Когда феминистки сражаются с женским «меня никто никогда не...» и «я не жертва», «не нагнетайте», «у нас не всё так плохо», «не тычьте мне вашими изнасилованными девочками», это представляет собой сражение и спор с женской гендерной фантазией собственной грандиозности и контроля над своим существованием, которых, разумеется, в реальности нет.

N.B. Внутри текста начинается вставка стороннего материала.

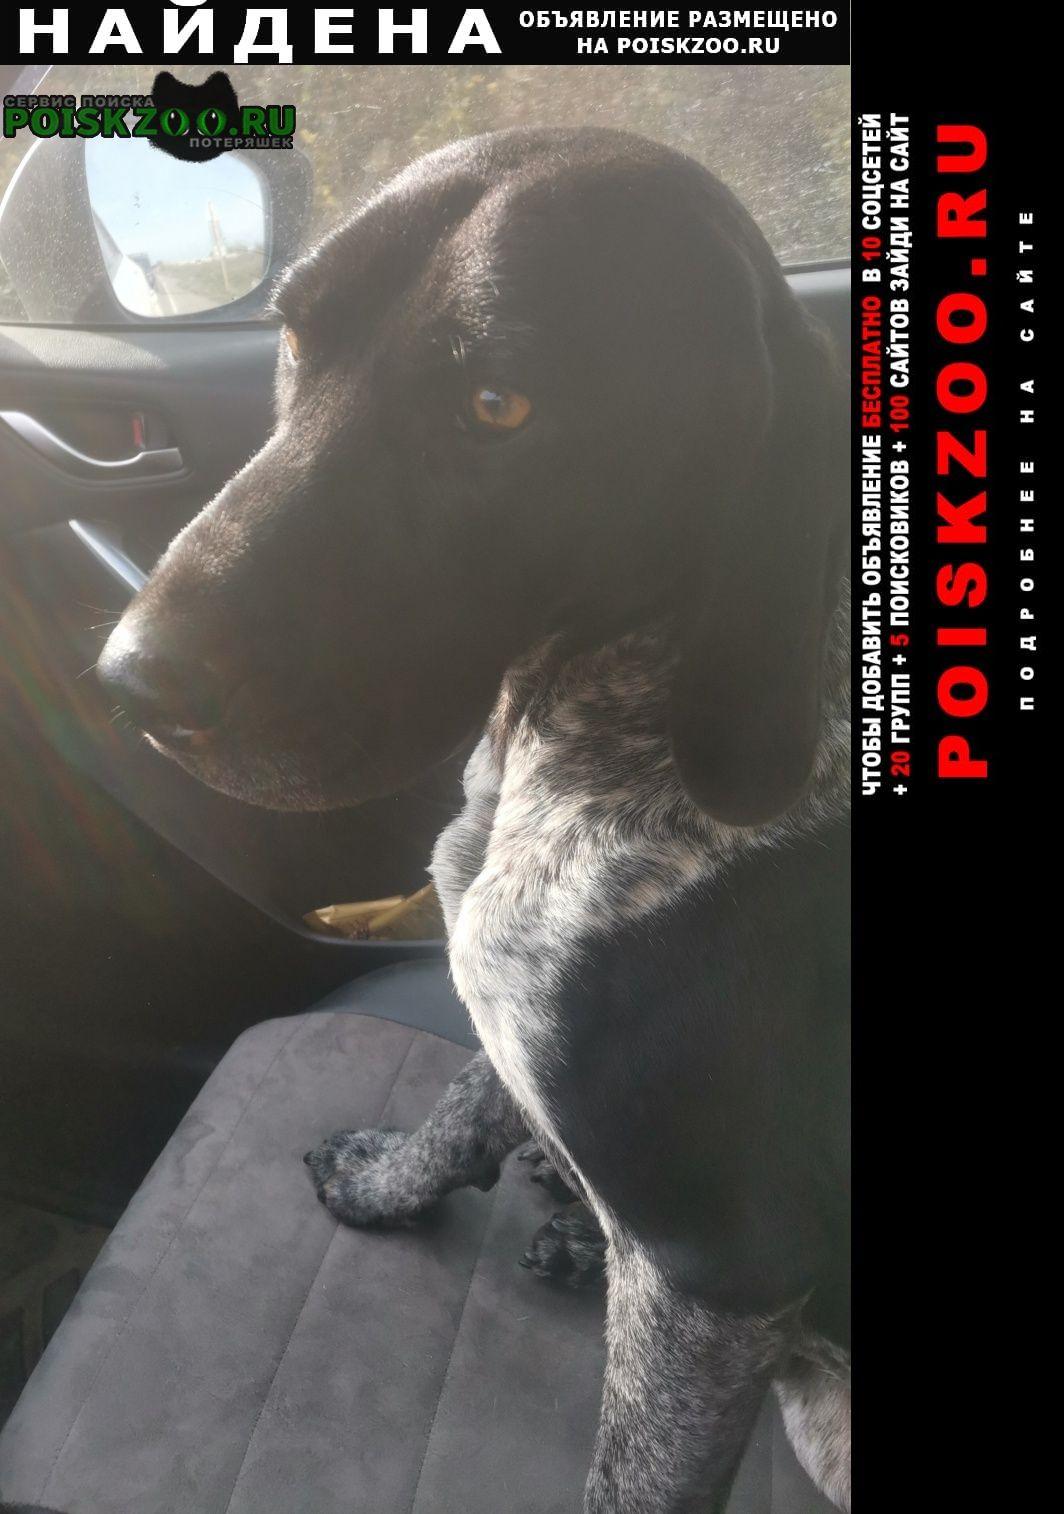 Найдена собака кобель на охоте в районе шапсугского водохранил Краснодар

Идентификация с агрессором и диссоциация тесно переплетены, один процесс опирается на другой и наоборот. В момент травмы, диссоциация опустошает ум: «исчезают» собственный опыт, включая восприятие, мысли, чувства и ощущение уязвимости. Диссоциация также может «стирать» только часть мысленного содержания. Как бы то ни было, диссоциация эмоционального опыта выполняет две задачи: во-первых, она отдаляет нас от невыносимых переживаний боли или страха; во-вторых, помогает нам в процессе адаптации, селективно изолируя только те переживания, которые могли бы стать опасными для нас в травматической ситуации, если бы стали заметны извне.

 

Патриархат

Патриархат — это система общественно-политических и экономических отношений между полами, которые основываются, поддерживаются и структурируются:

  1. на базе определённых институтов: общественных (семья, государство) и частных («любовь»);
  2. на базе междуклассовой и внутригендерной солидарности мужчин (фратрия), которые в качестве социальной группы коллективно и индивидуально угнетают женщин (всех коллективно и каждую в отдельности), присваивая себе продуктивную и репродуктивную рабочую силу женщин, их физические тела и всё произведённое ими (производительный труд[1], деторождение, «красота»), с применением в целях принуждения как прямого, открытого, так и косвенного, невидимого насилия.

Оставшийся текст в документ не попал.